• [WHAT IS BEING ASKED] Repeat the listing that follows exactly. Pictures are not part of the copy.

• [THE DATA]
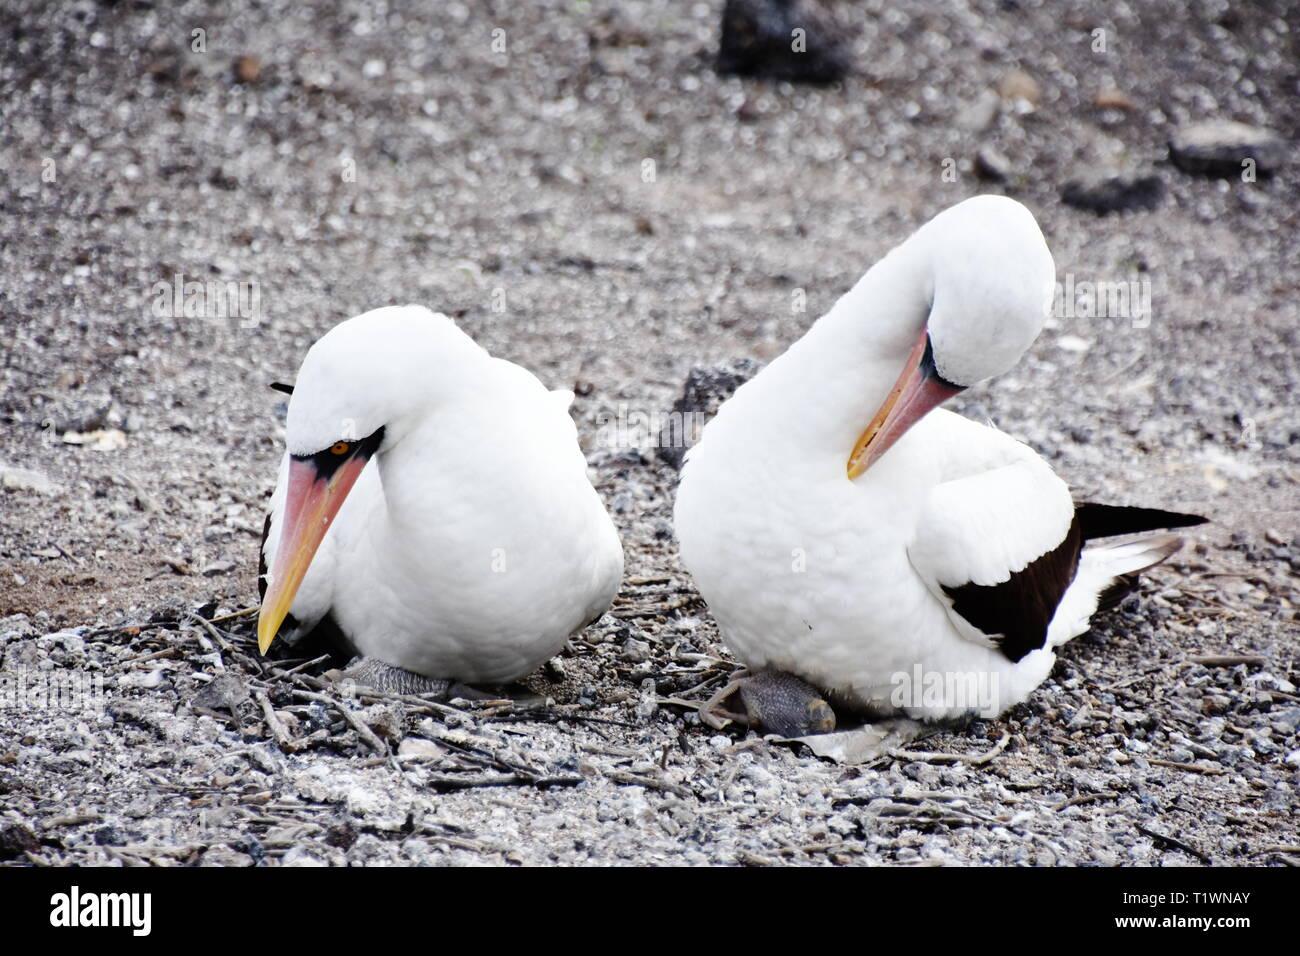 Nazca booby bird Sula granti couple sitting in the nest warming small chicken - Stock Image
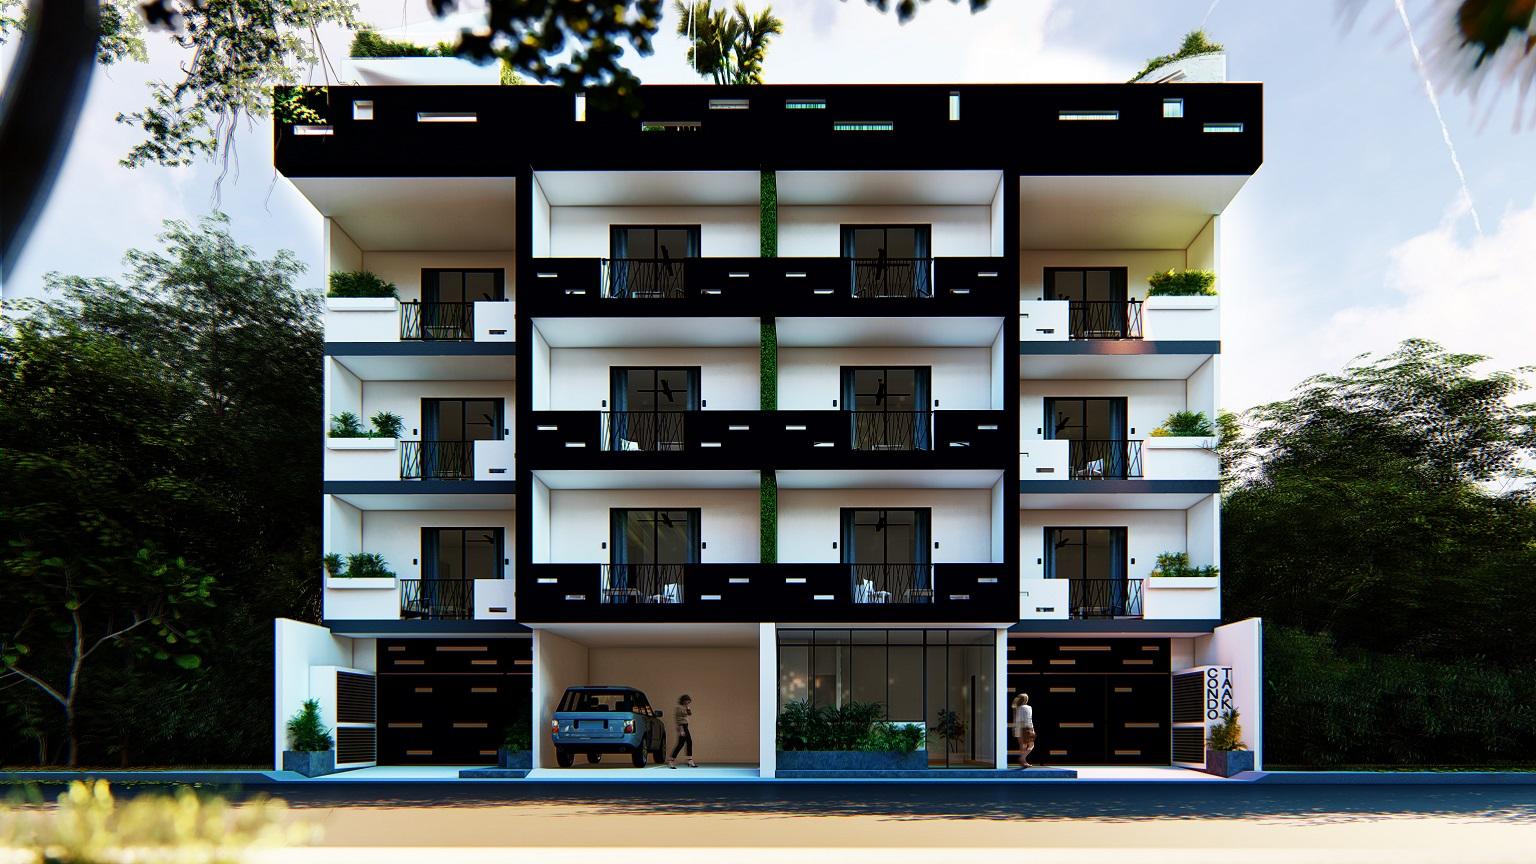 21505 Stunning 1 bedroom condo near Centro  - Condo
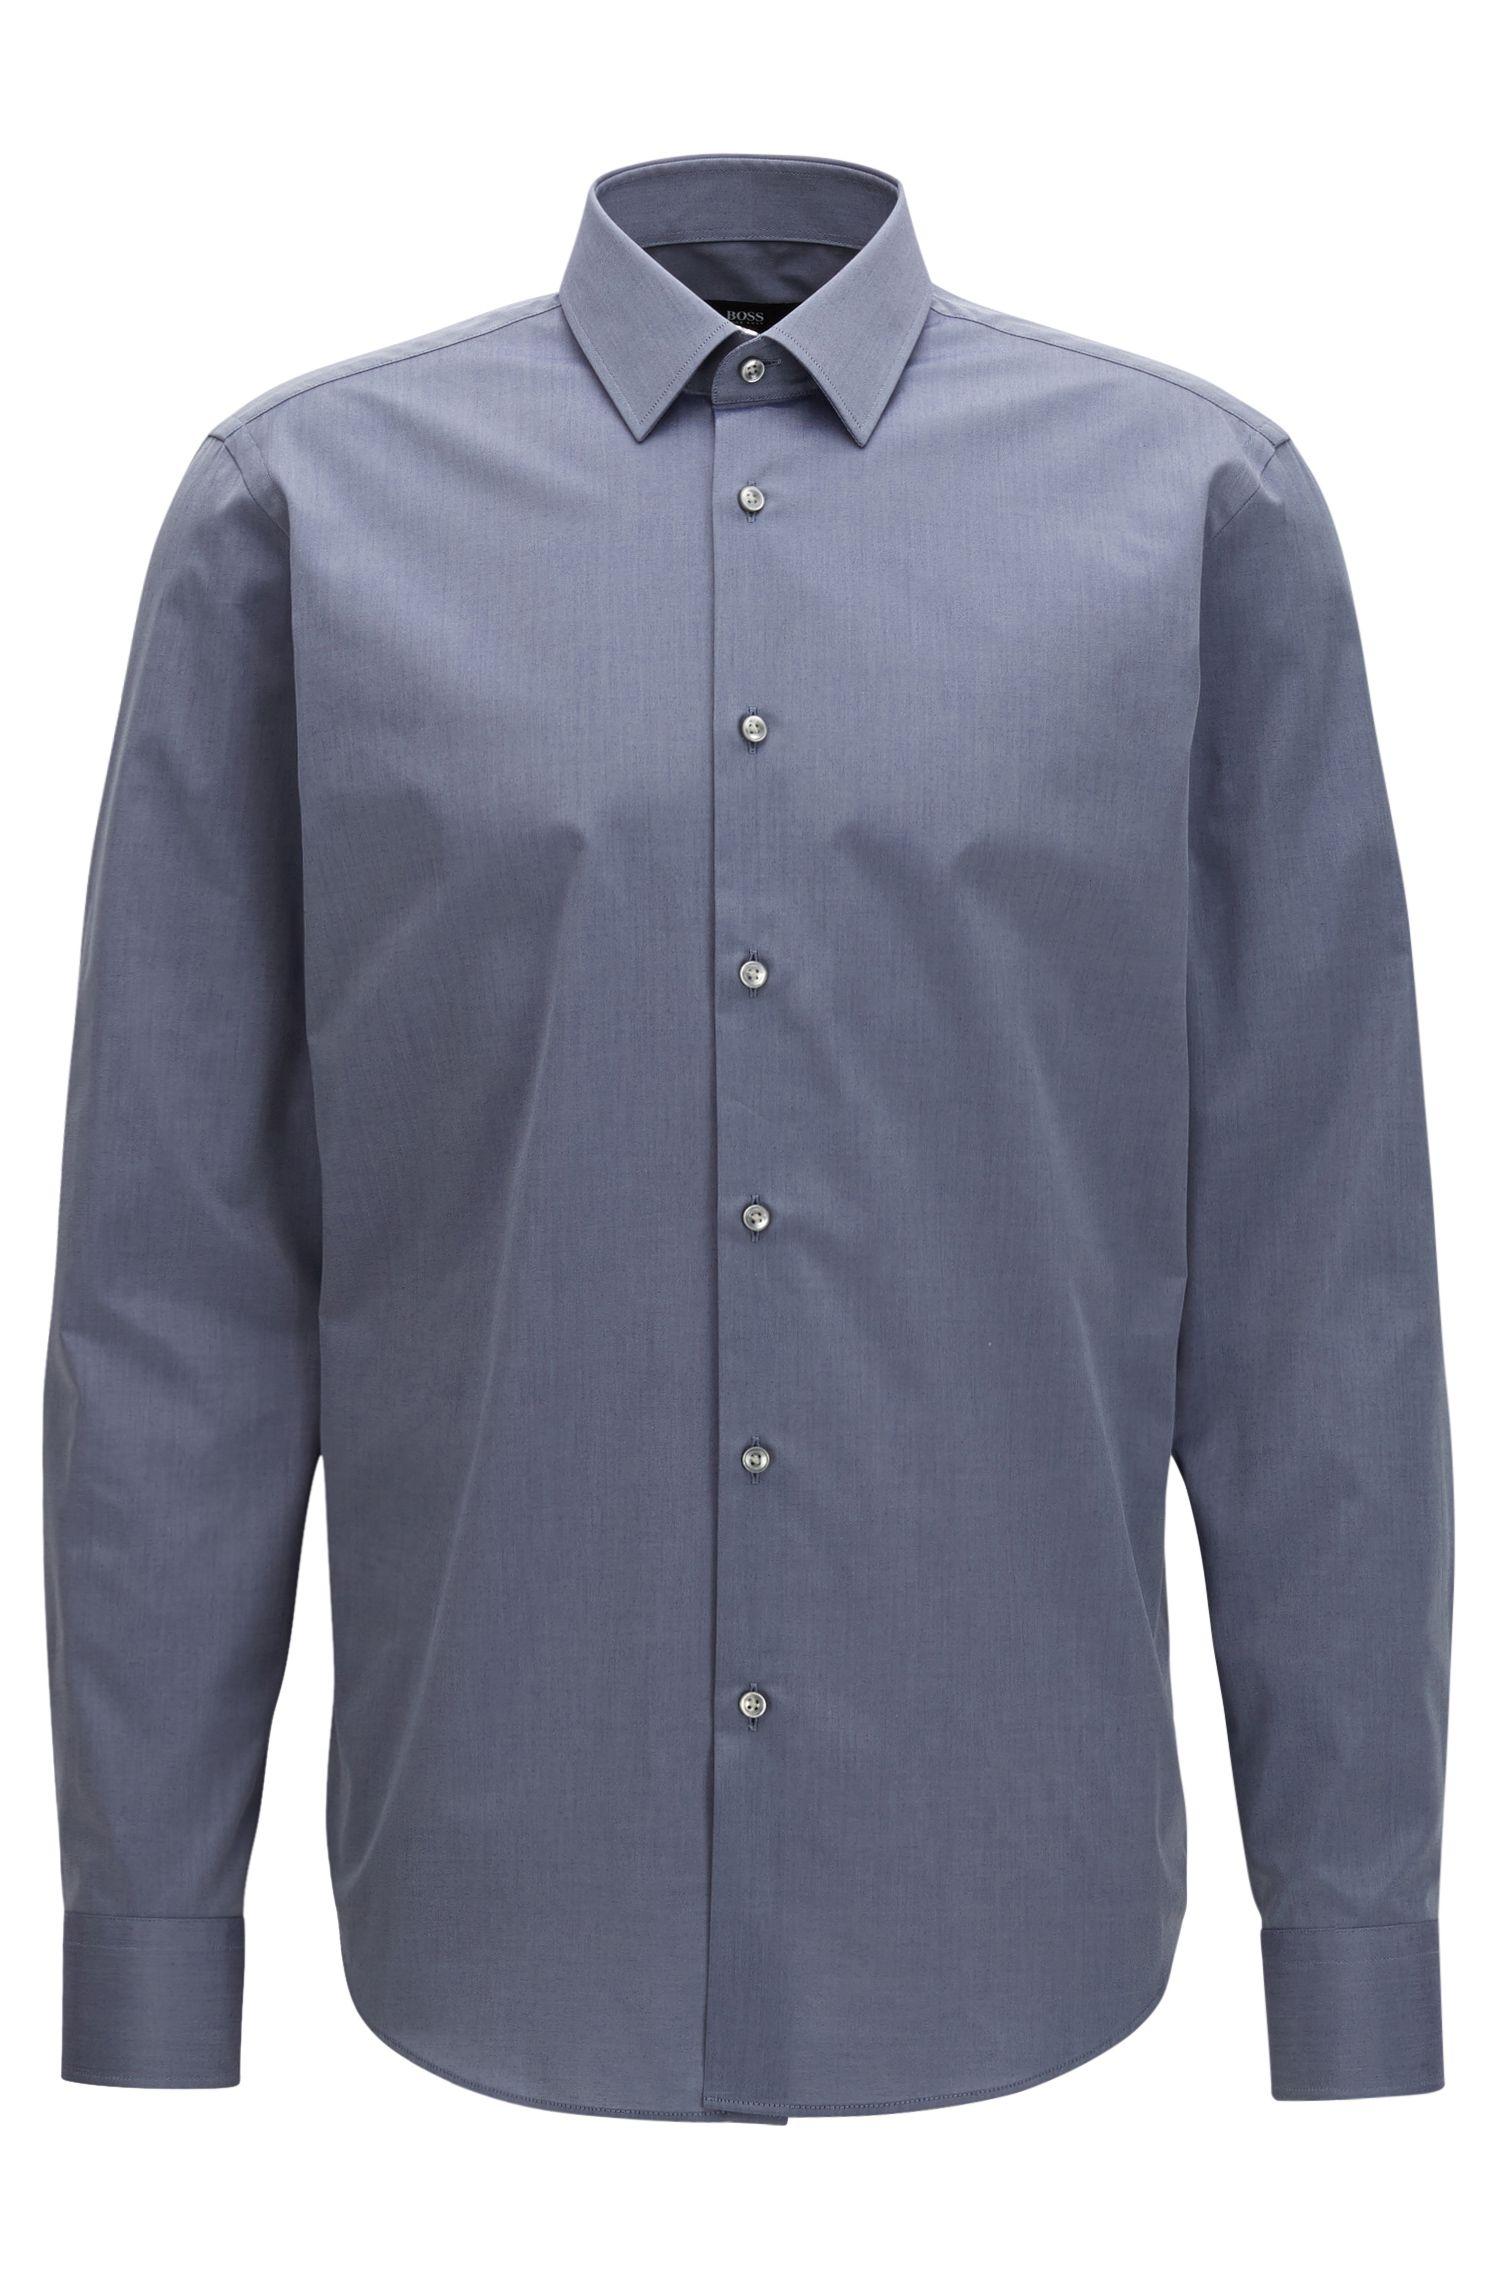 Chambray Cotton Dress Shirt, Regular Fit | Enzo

• [RESULT FOR THIS TASK]
 Nazca booby bird Sula granti couple sitting in the nest warming small chicken - Stock Image
 21505 Stunning 1 bedroom condo near Centro  - Condo
 Chambray Cotton Dress Shirt, Regular Fit | Enzo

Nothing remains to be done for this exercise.